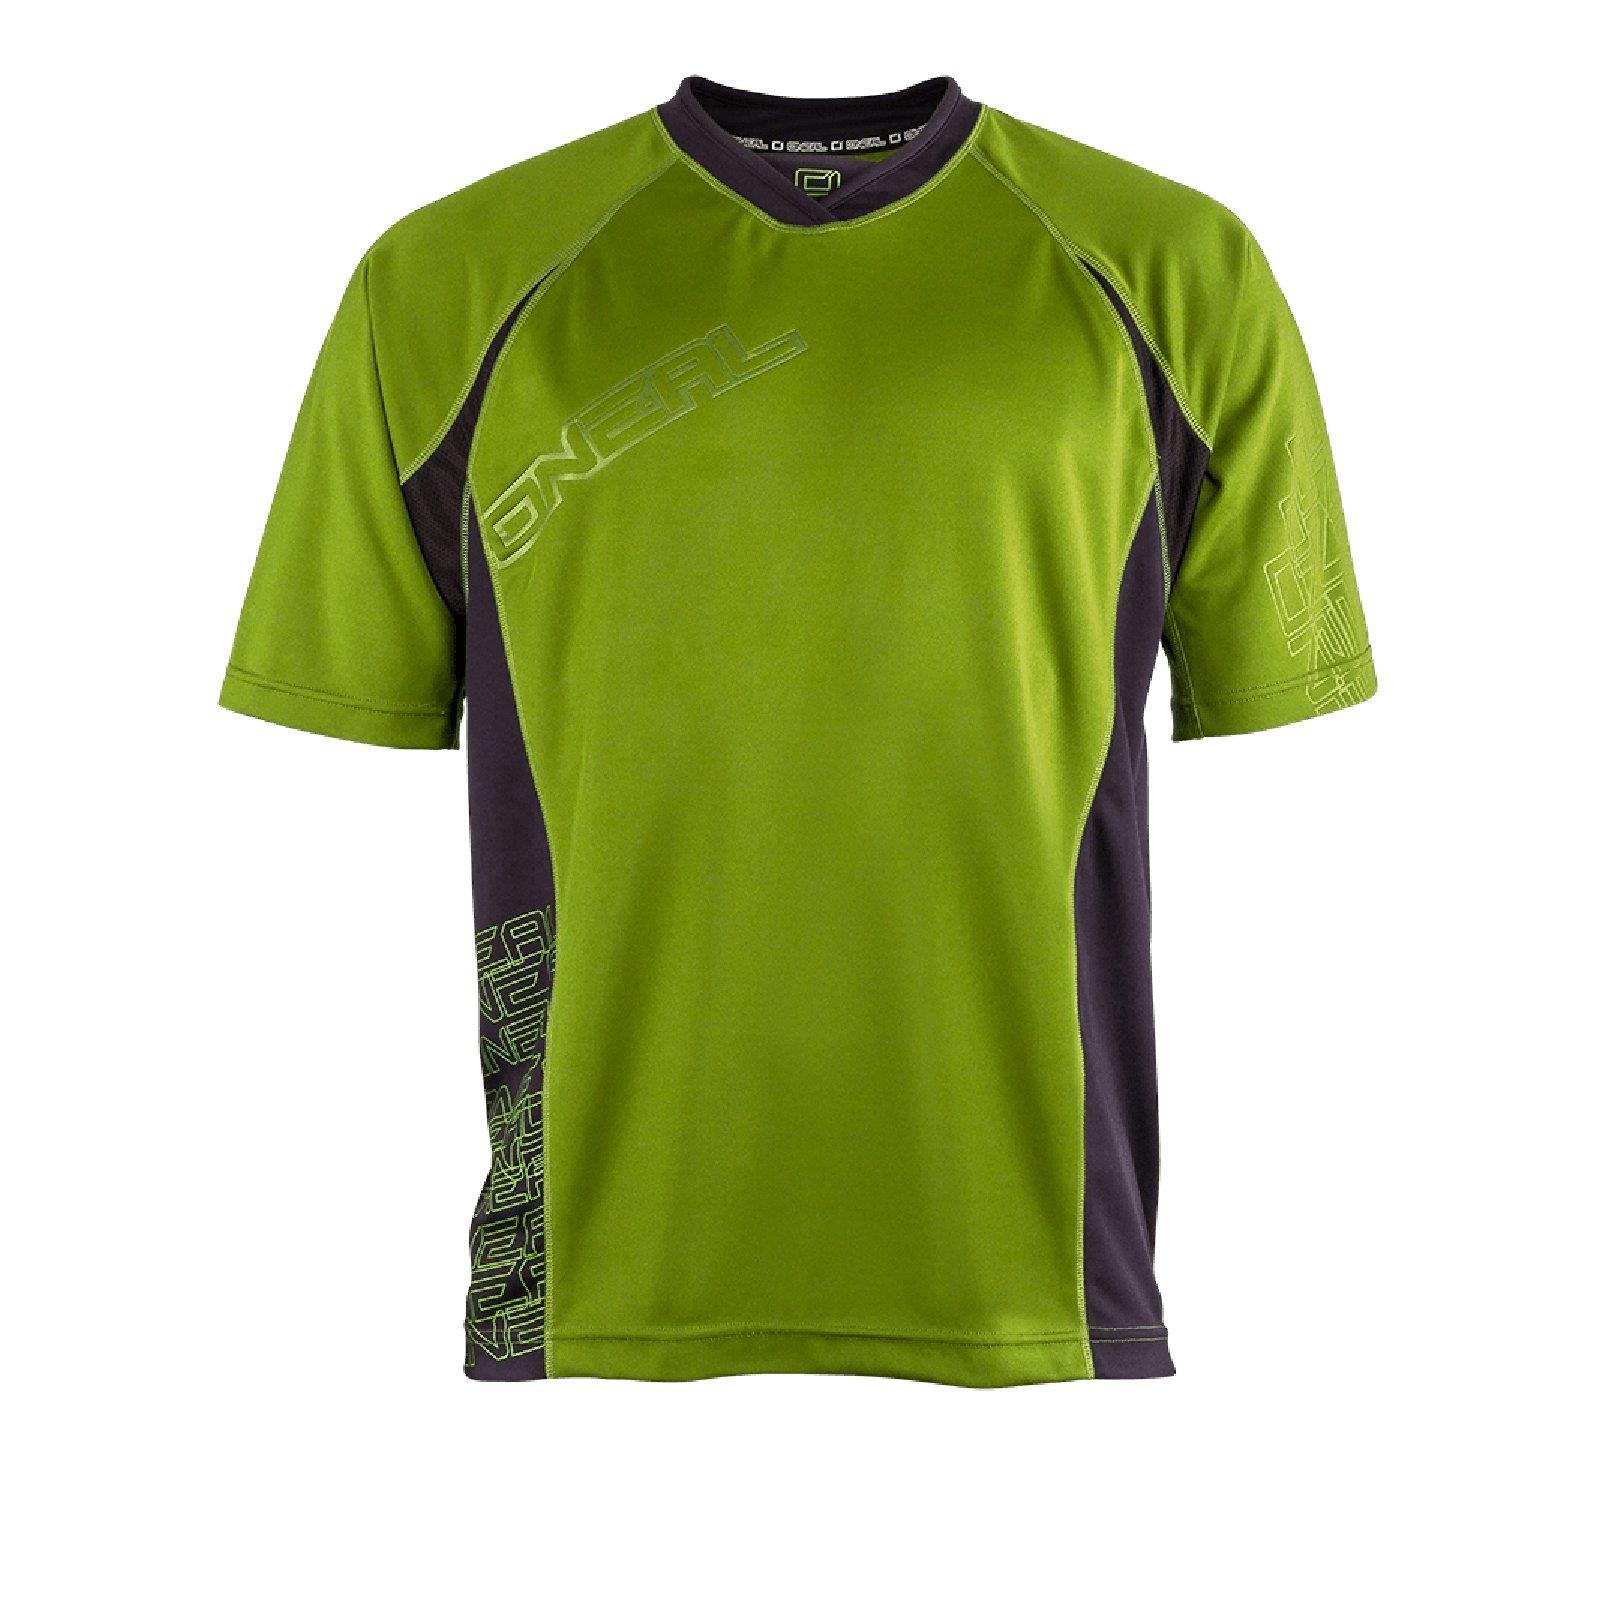 ONeal Pin It kurzarm Jersey Grün Trikot Fahrrad MTB DH FR Mountainbike Shirt
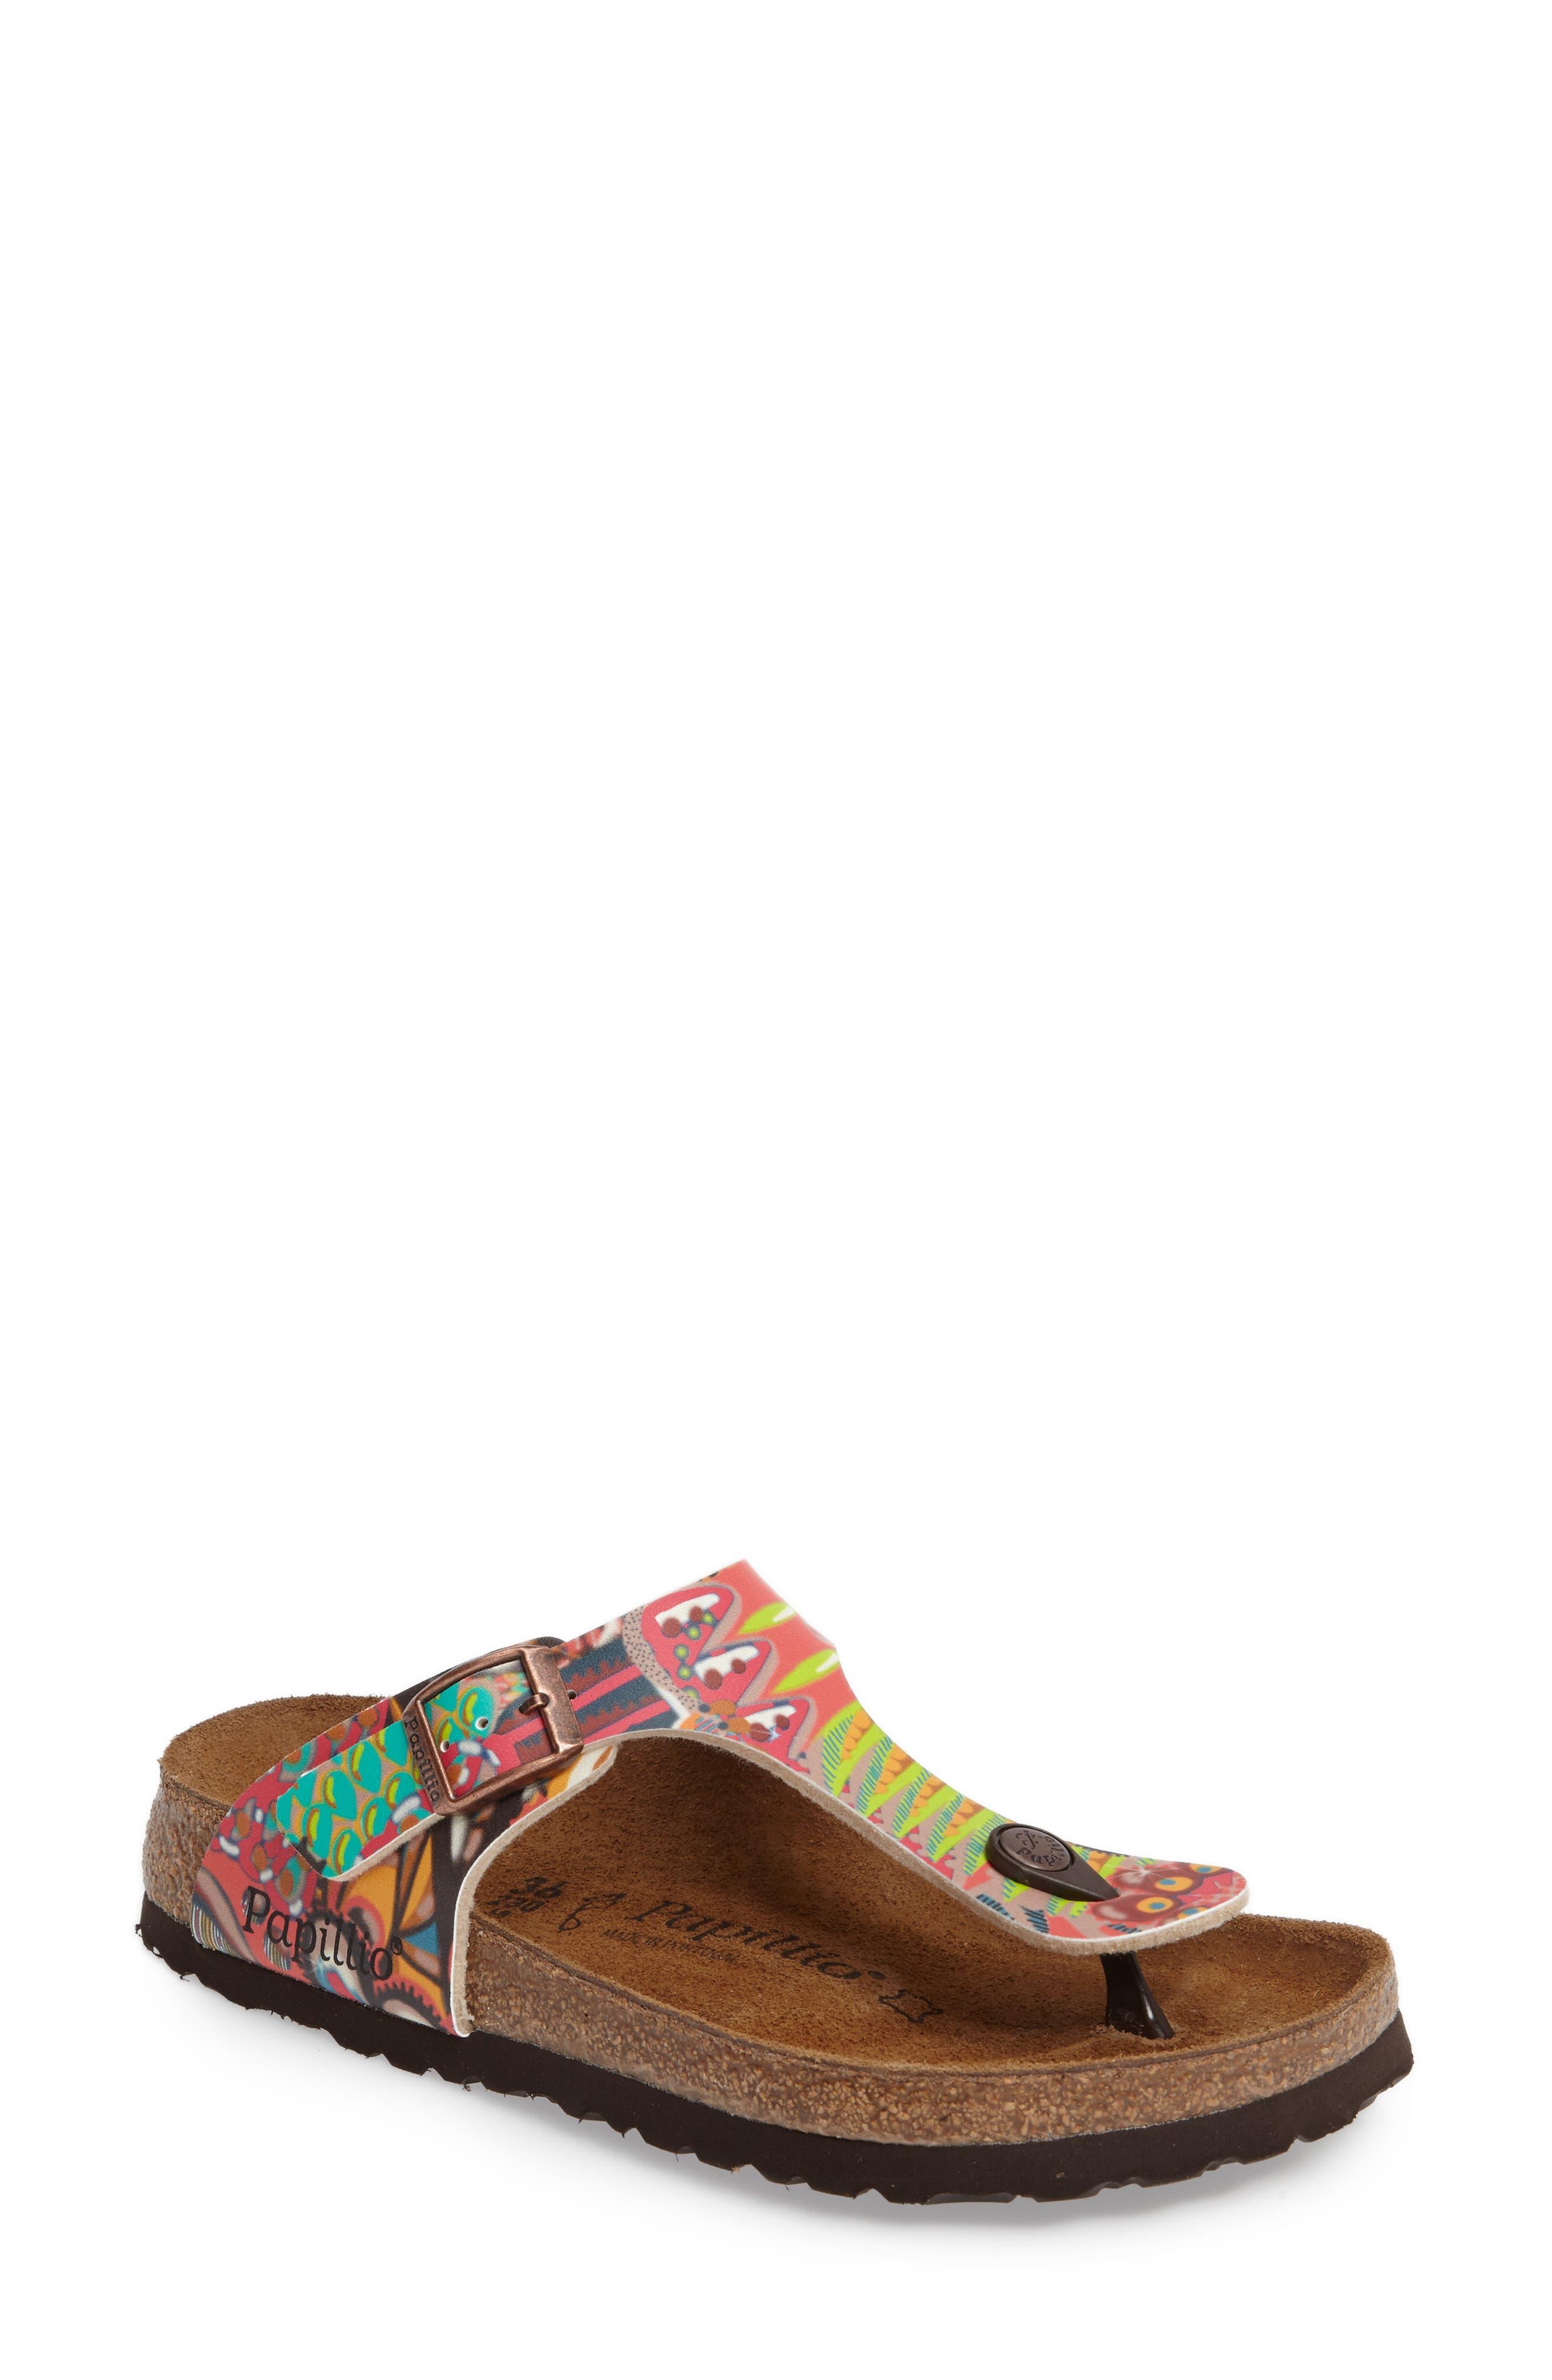 'Gizeh' Sandal,                         Main,                         color, Raspberry Multi
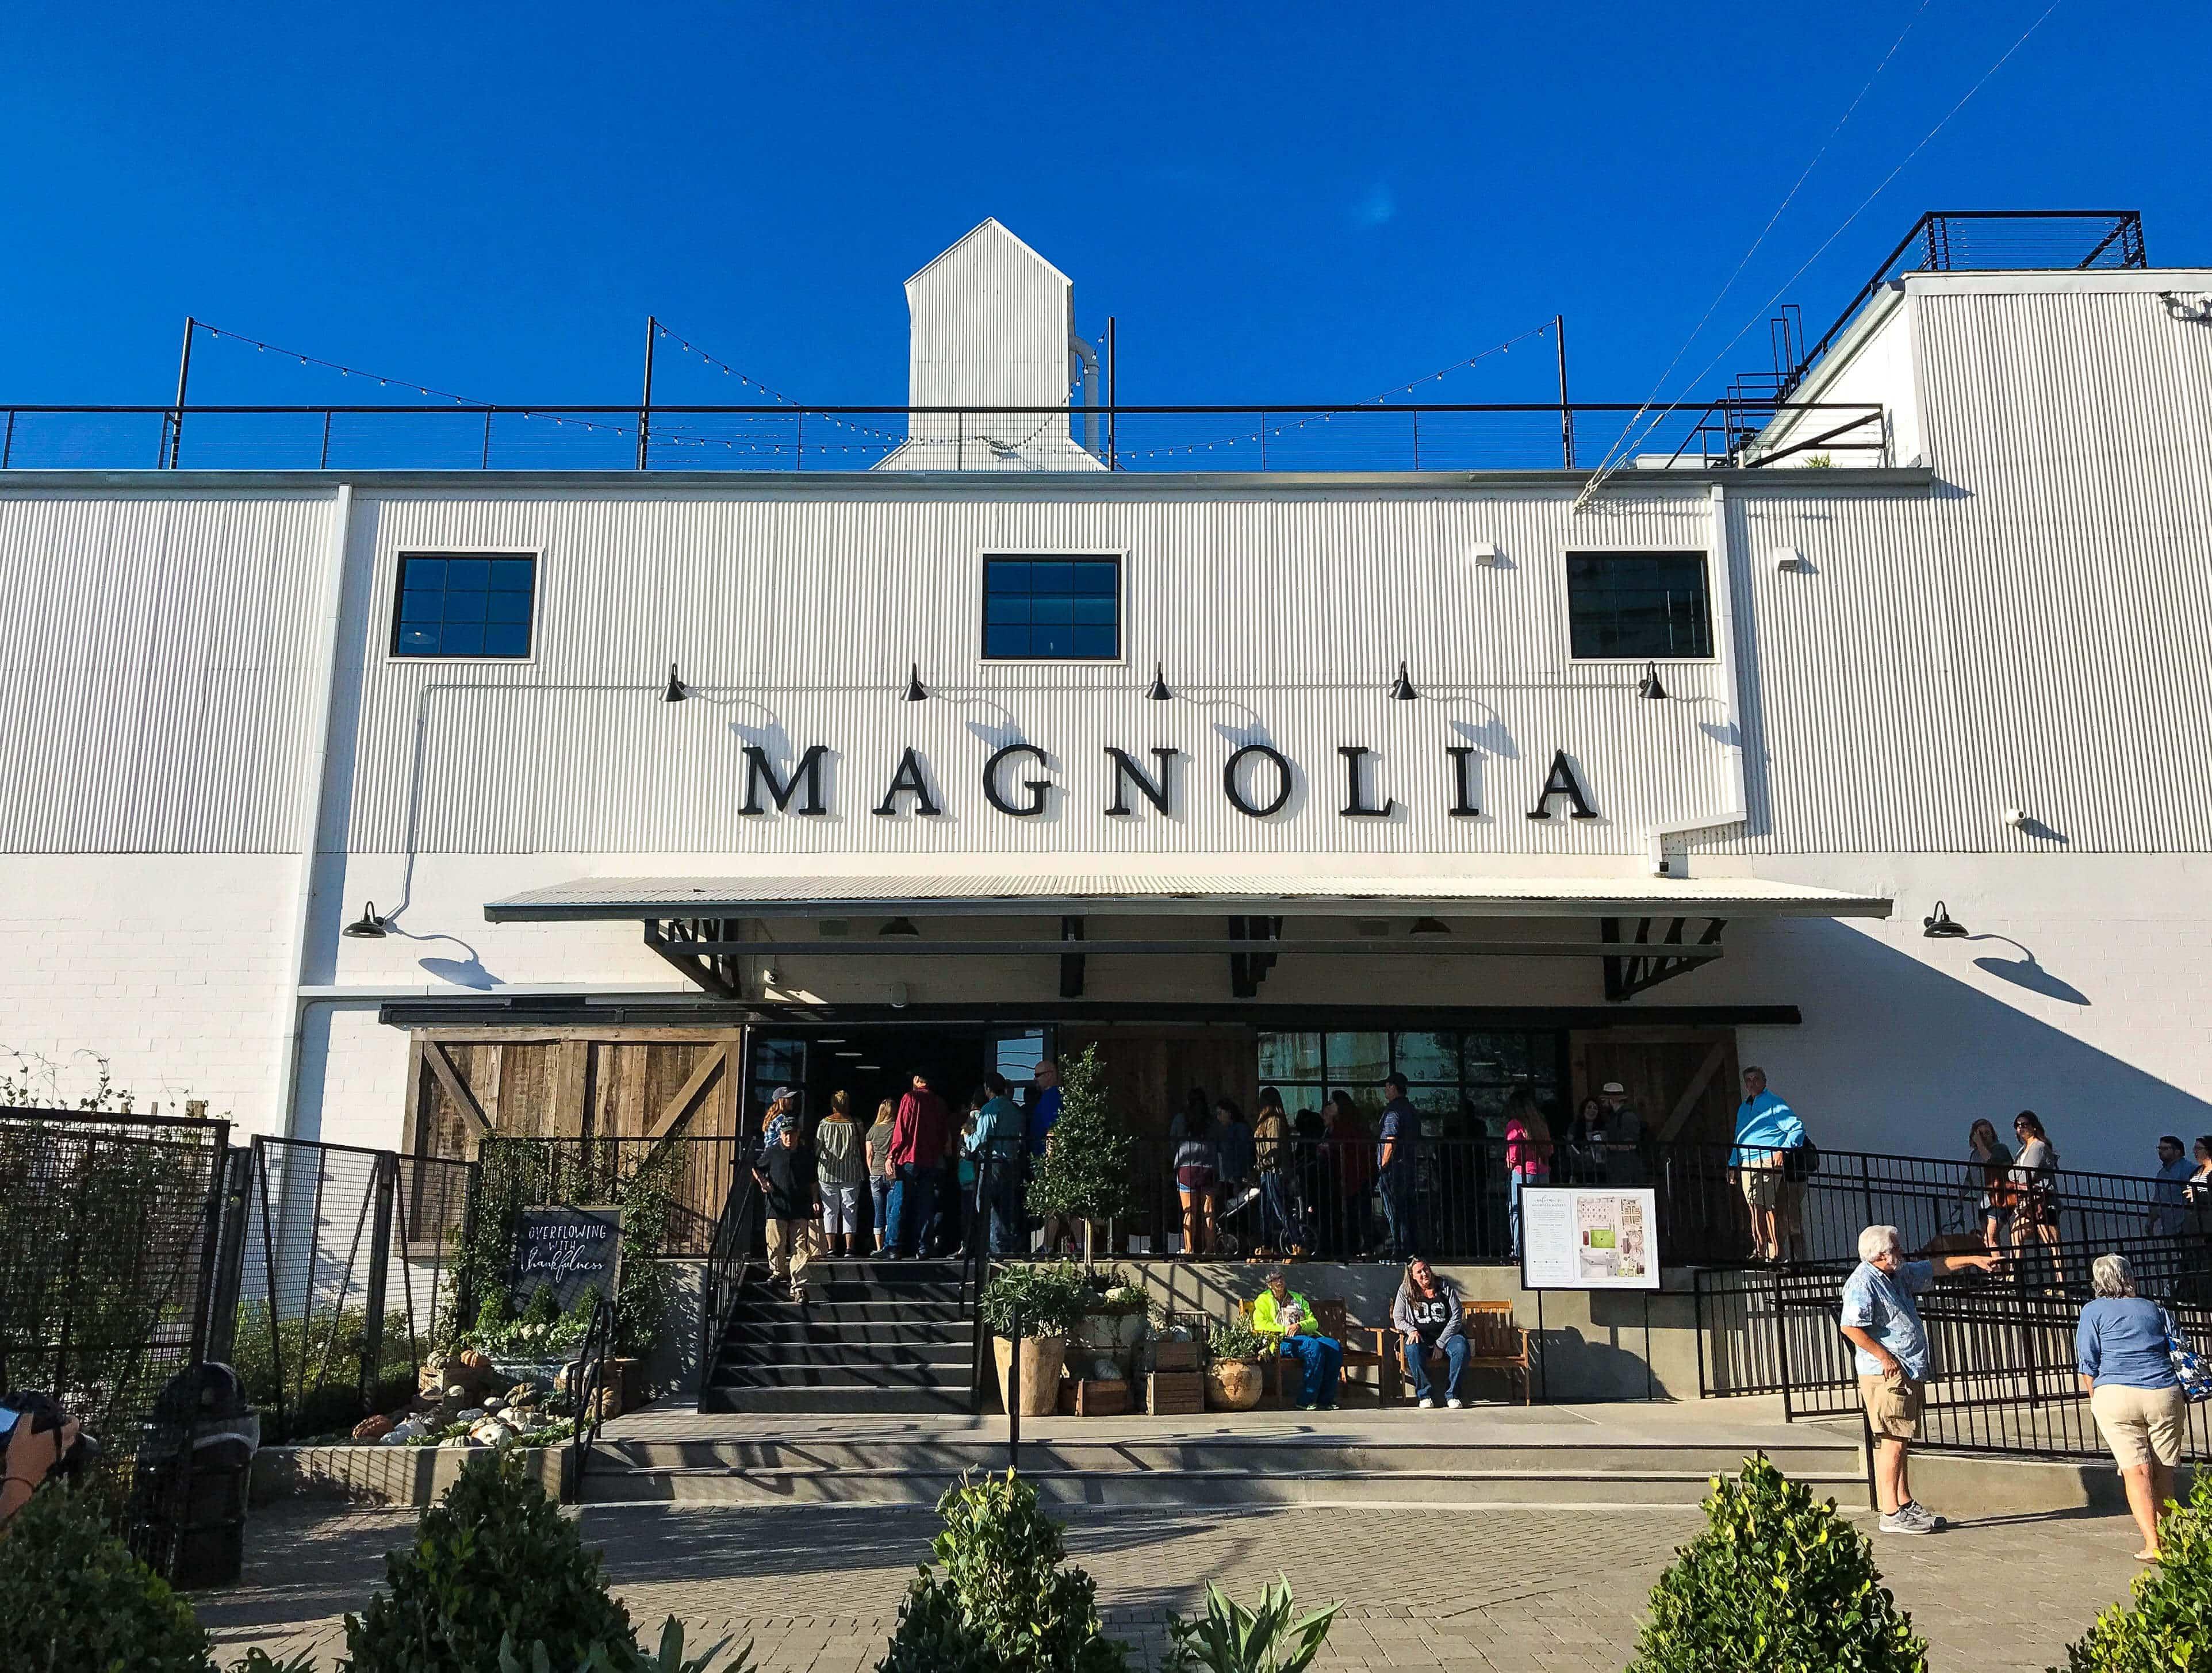 Magnolia Market October 2016

====

* What is required: Return the material above in exact form. Pictures stay out.

* Solution to this exercise:
 ONeal Pin It kurzarm Jersey Grün Trikot Fahrrad MTB DH FR Mountainbike Shirt
 'Gizeh' Sandal,                         Main,                         color, Raspberry Multi
 Magnolia Market October 2016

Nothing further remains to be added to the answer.